Digitised Payments and the Anti-Corruption Law of Sri Lanka

Date:

By: Nalinda Indatissa, PC.

Sri Lanka’s Anti-Corruption Act, No. 9 of 2023 was enacted to prevent corruption, detect it early, and punish offenders effectively. However, laws alone are not enough. They must be supported by systems that make corruption difficult.

One such system is a fully digitised payment system for all transactions—governmental and private.

1. Purpose of the Anti-Corruption Act

(Section 2 – Objects of the Act)

The Act aims to:
Prevent corruption
Promote transparency
Ensure accountability
Strengthen public confidence

A digitised payment system directly supports these goals by making money movements visible and traceable.

In simple terms:
The law wants transparency; digitisation delivers transparency.

2. Bribery and Corruption Depend on Cash

Most bribes are paid in cash because:
Cash leaves no record
Cash is hard to trace
When payments are digitised:
Bribes become harder to give and receive
Illegal payments leave electronic evidence

Digitisation makes bribery risky and detectable, which discourages corruption.

3. Unexplained Wealth Becomes Easier to Prove

The Act allows prosecution where a person:
Has wealth beyond known income
Cannot reasonably explain the source
Digitised payments help by clearly showing:
Lawful income
Actual spending
Hidden or suspicious transactions

This strengthens one of the most powerful provisions of the Act.

4. Electronic Records as Legal Evidence

The Act gives investigators wide powers to:
Obtain bank records
Trace financial transactions
Use documents and electronic data as evidence

Digitised payments:
Automatically generate reliable records
Reduce dependence on witnesses
Strengthen cases in court

Courts decide cases on facts, not rumours.

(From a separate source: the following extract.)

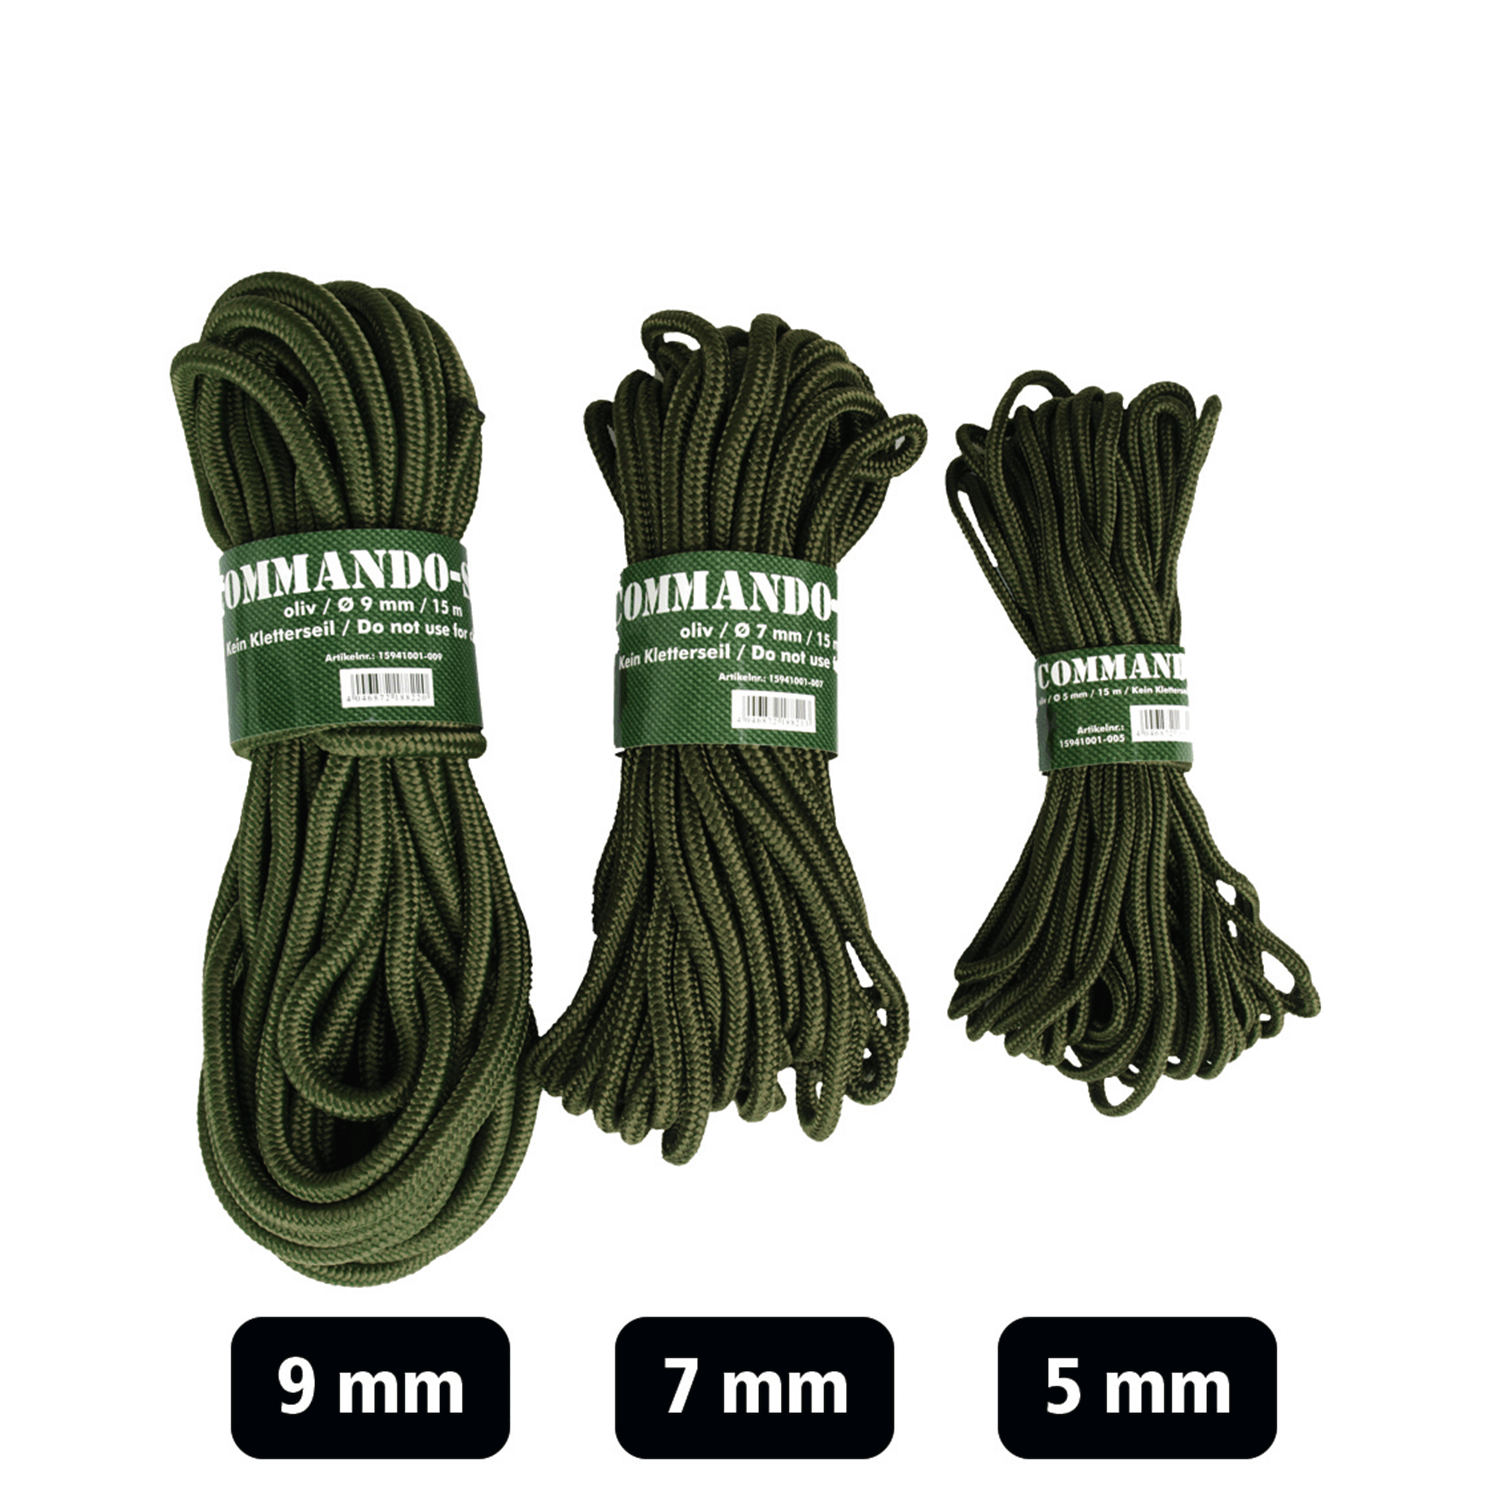 Mil-Tec paracord command (oliv) - Hunting Accessories

5. Protection of Public Funds

Many corruption offences involve:
Government payments
Procurement
Licences and approvals

When all government payments are digitised:
Money goes directly to the State
Officers cannot demand “extra payments”
Leakages are reduced

This protects public money, which belongs to the people.

6. Duty to Declare Assets

Public officers must declare:
Income
Assets
Liabilities

Digitised transactions help verify:
Whether declarations are true
Whether income matches lifestyle

False declarations become easier to detect.

7. Prevention Is Better Than Punishment

The new law focuses not only on punishment, but also on prevention.

Digitised payments:
Reduce human discretion
Remove middlemen
Create automatic accountability

Corruption is stopped before it starts.

Conclusion

The Anti-Corruption Act, No. 9 of 2023 provides the legal strength.
A digitised payment system provides the practical strength.

Together, they:
Reduce corruption
Improve enforcement
Protect honest officers
Restore public trust

Cash hides corruption. Digitisation exposes it.

If Sri Lanka is serious about enforcing its anti-corruption law, digitised payments must be treated as a legal necessity, not a luxury.